The third case is the expensive one. A high share of buffers_backend relative to buffers_checkpoint and buffers_clean means foreground queries are doing the bgwriter's job, paying latency for I/O that the background processes should have absorbed.
pg_stat_bgwriter exposes the counters that distinguish the three writers, plus checkpoint timing and request counts — the data you need to size bgwriter_lru_maxpages, bgwriter_delay, checkpoint_timeout, and max_wal_size against your actual workload rather than against generic defaults.
Sample Code
1-- PostgreSQL 9.2 through 16
2SELECT
3 checkpoints_timed,
4 checkpoints_req,
5 checkpoint_write_time,
6 checkpoint_sync_time,
7 buffers_checkpoint,
8 buffers_clean,
9 buffers_backend,
10 buffers_backend_fsync,
11 buffers_alloc,
12 maxwritten_clean,
13 ROUND(
14 100.0 * buffers_backend /
15 GREATEST(
16 buffers_checkpoint + buffers_clean + buffers_backend,
17 1
18 ),
19 2
20 ) AS pct_backend_flushed,
21 stats_reset
22FROM pg_stat_bgwriter;
Notes: Available on PostgreSQL versions prior to 17. PostgreSQL 17 split this view in two: pg_stat_bgwriter now holds only the bgwriter counters, and the checkpointer counters moved to pg_stat_checkpointer. On 17+ the query above will fail on the checkpoint columns; see the Version Compatibility section for the split variant.
Code Breakdown
The query is a single-row SELECT against cumulative counters. The interesting work is in interpreting the ratios, not the columns themselves.
The Three Buffer Writers
buffers_checkpoint, buffers_clean, and buffers_backend are the count of dirty buffers each subsystem has flushed since the last counter reset. Together they decompose total write activity into "scheduled" (checkpointer), "background" (bgwriter), and "synchronous" (backend) shares. The ratio between them — not the absolute values — is the tuning signal.
Checkpoint Counters
checkpoints_timed counts checkpoints triggered by checkpoint_timeout — the healthy majority. checkpoints_req counts checkpoints triggered by hitting max_wal_size. A high checkpoints_req share means WAL is filling faster than checkpoints are spreading their I/O; the response is to raise max_wal_size. checkpoint_write_time and checkpoint_sync_time are total milliseconds spent in the write and sync phases respectively.
bgwriter Counters
buffers_clean is the bgwriter's flush count. maxwritten_clean is the number of times the bgwriter stopped a single sweep early because it hit bgwriter_lru_maxpages — the per-round cap. A non-zero (and growing) maxwritten_clean indicates the bgwriter is at its per-round ceiling and would benefit from raising bgwriter_lru_maxpages.
Backend Counters
buffers_backend is the foreground-flushed count — the one to minimize. buffers_backend_fsync is the count of backends that had to fsync themselves because the fsync request queue was full; this should be zero in steady state. A non-zero value is a saturated-I/O signal.
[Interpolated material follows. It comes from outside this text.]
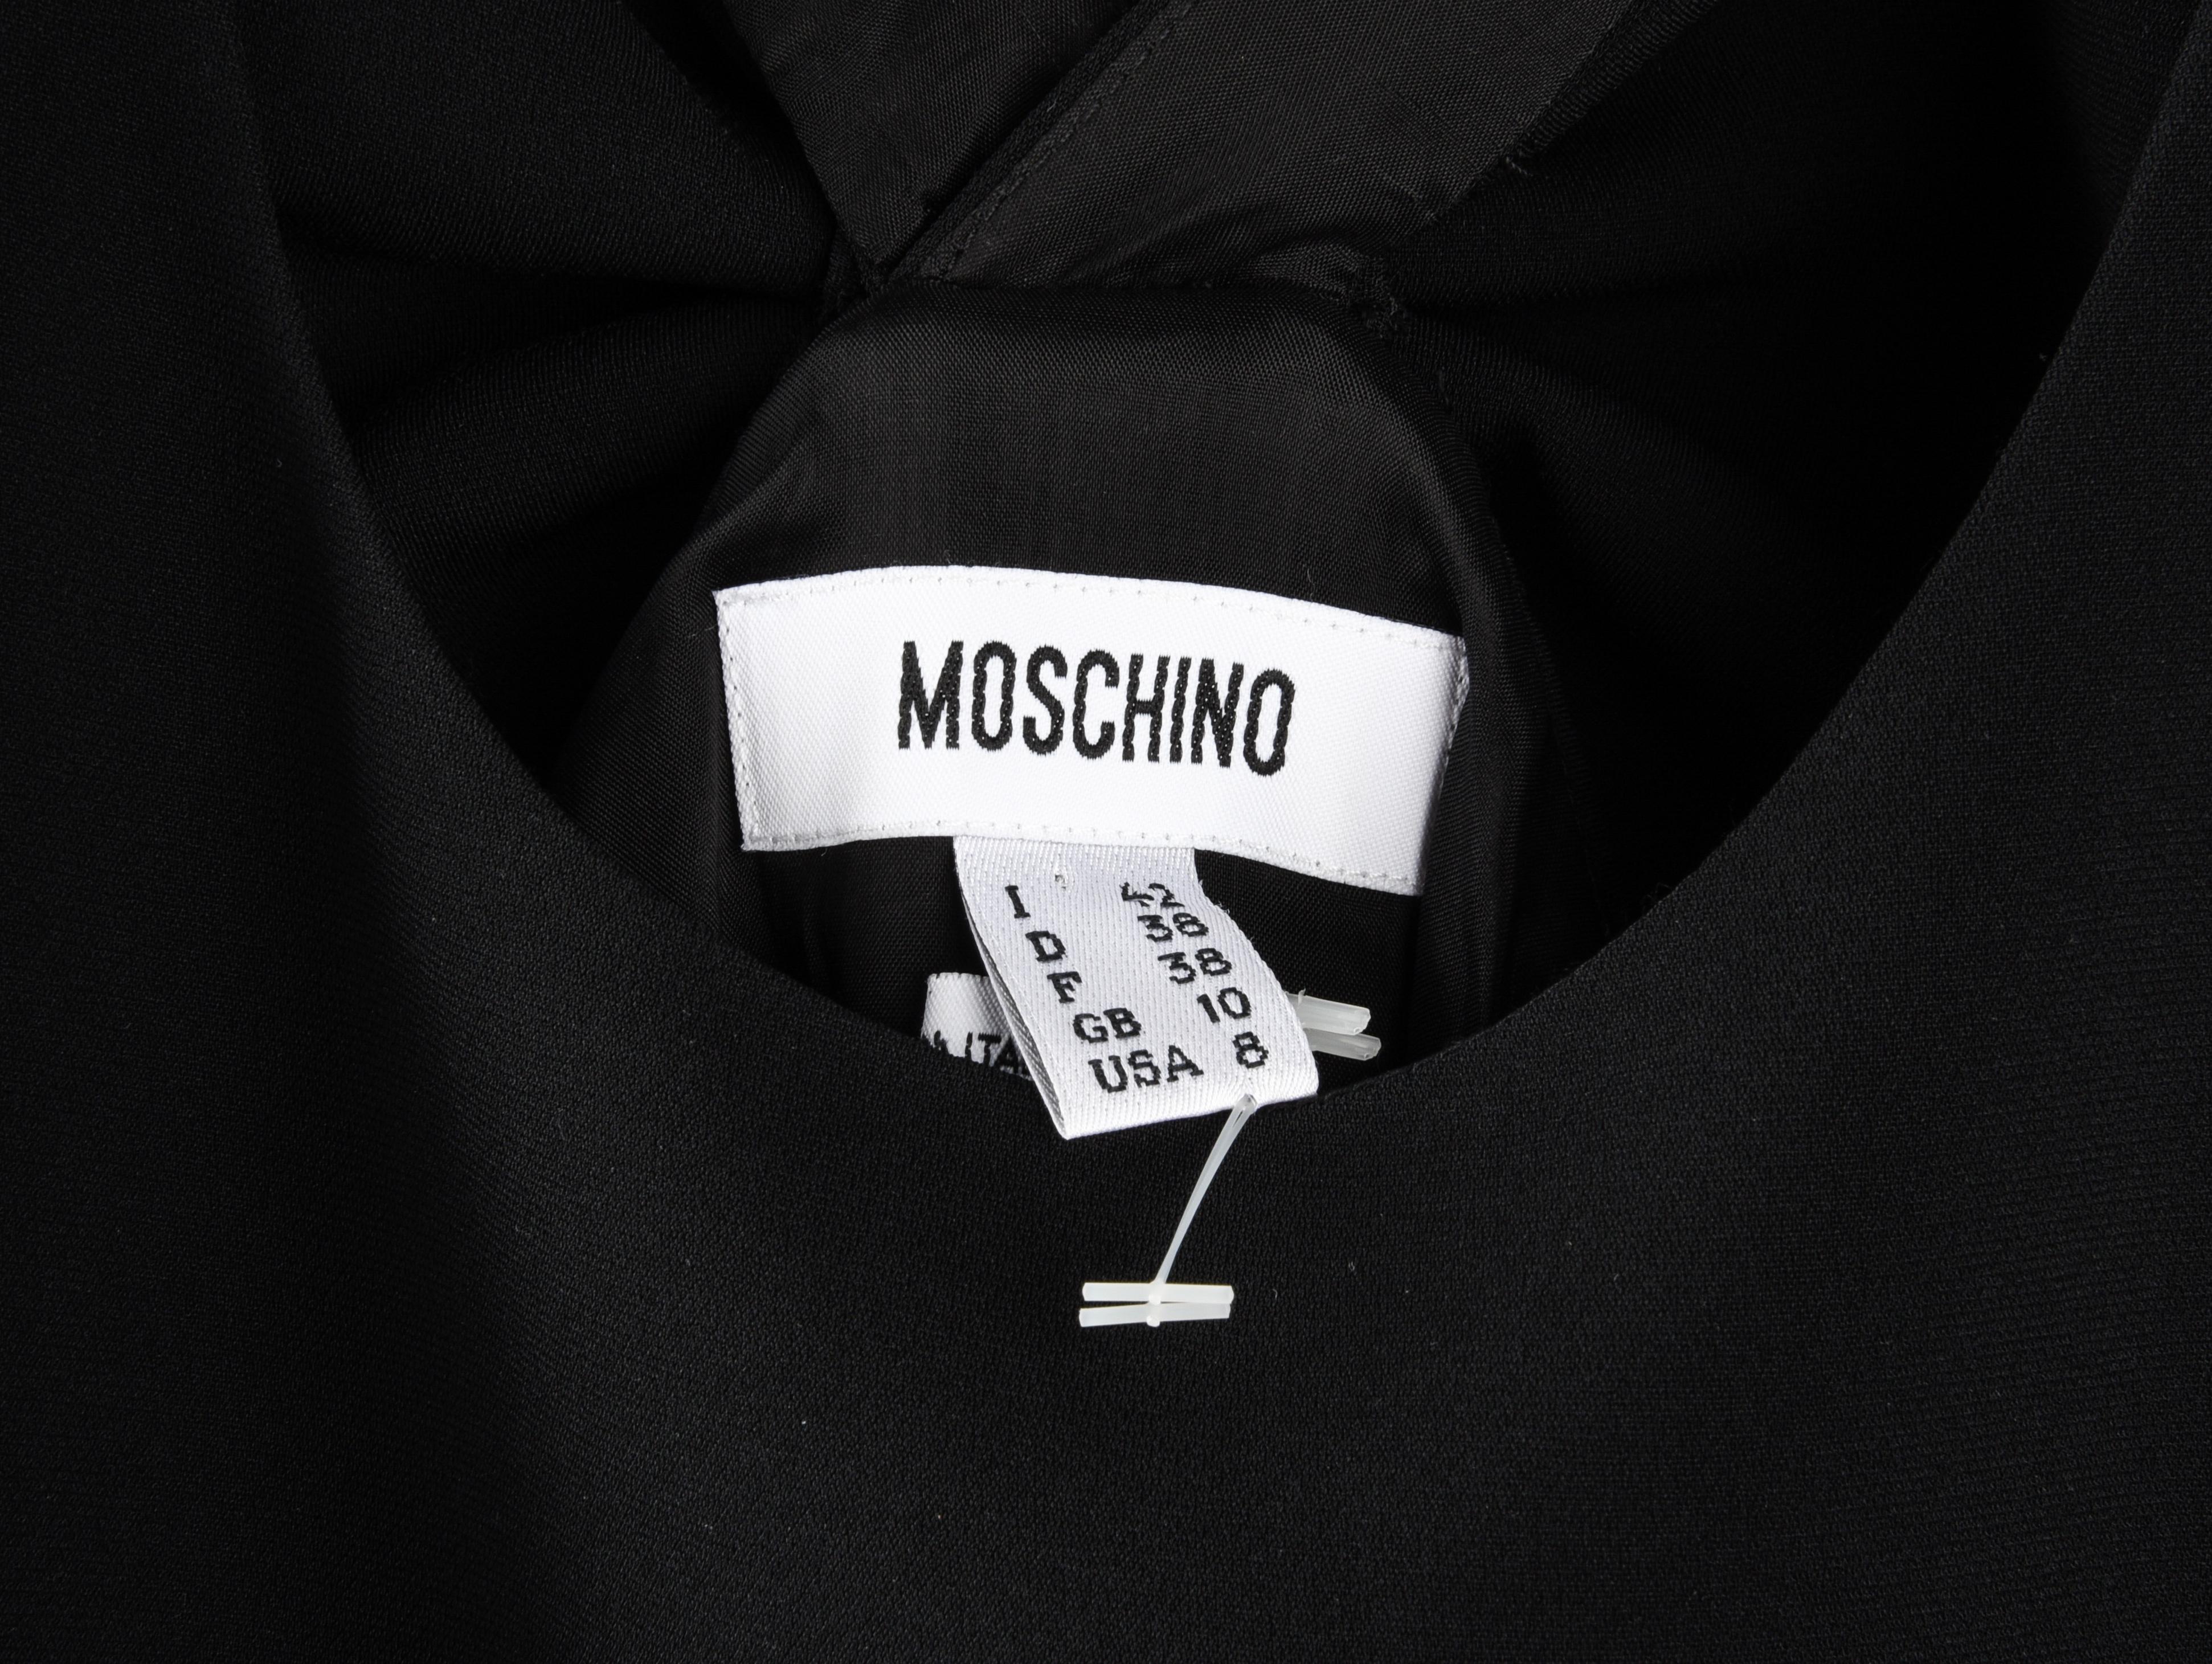 Moschino Dress Black Racer Cut Shoulder Rear Bow and Pleat Detail 42 / 8  5

The pct_backend_flushed Derived Column
pct_backend_flushed is buffers_backend / (buffers_checkpoint + buffers_clean + buffers_backend) expressed as a percentage, with a GREATEST(..., 1) guard against division by zero on a freshly-reset cluster. Values above 15-20% on a write-heavy OLTP cluster are the classic "tune bgwriter" trigger.
Key Buffer-Flushing Counters
buffers_checkpoint and Checkpoint I/O Spreading
The checkpointer flushes every dirty buffer at checkpoint time. checkpoint_completion_target (default 0.9) controls how much of checkpoint_timeout the writes are spread over — higher values smooth the I/O, lower values complete faster but cause spikier writes.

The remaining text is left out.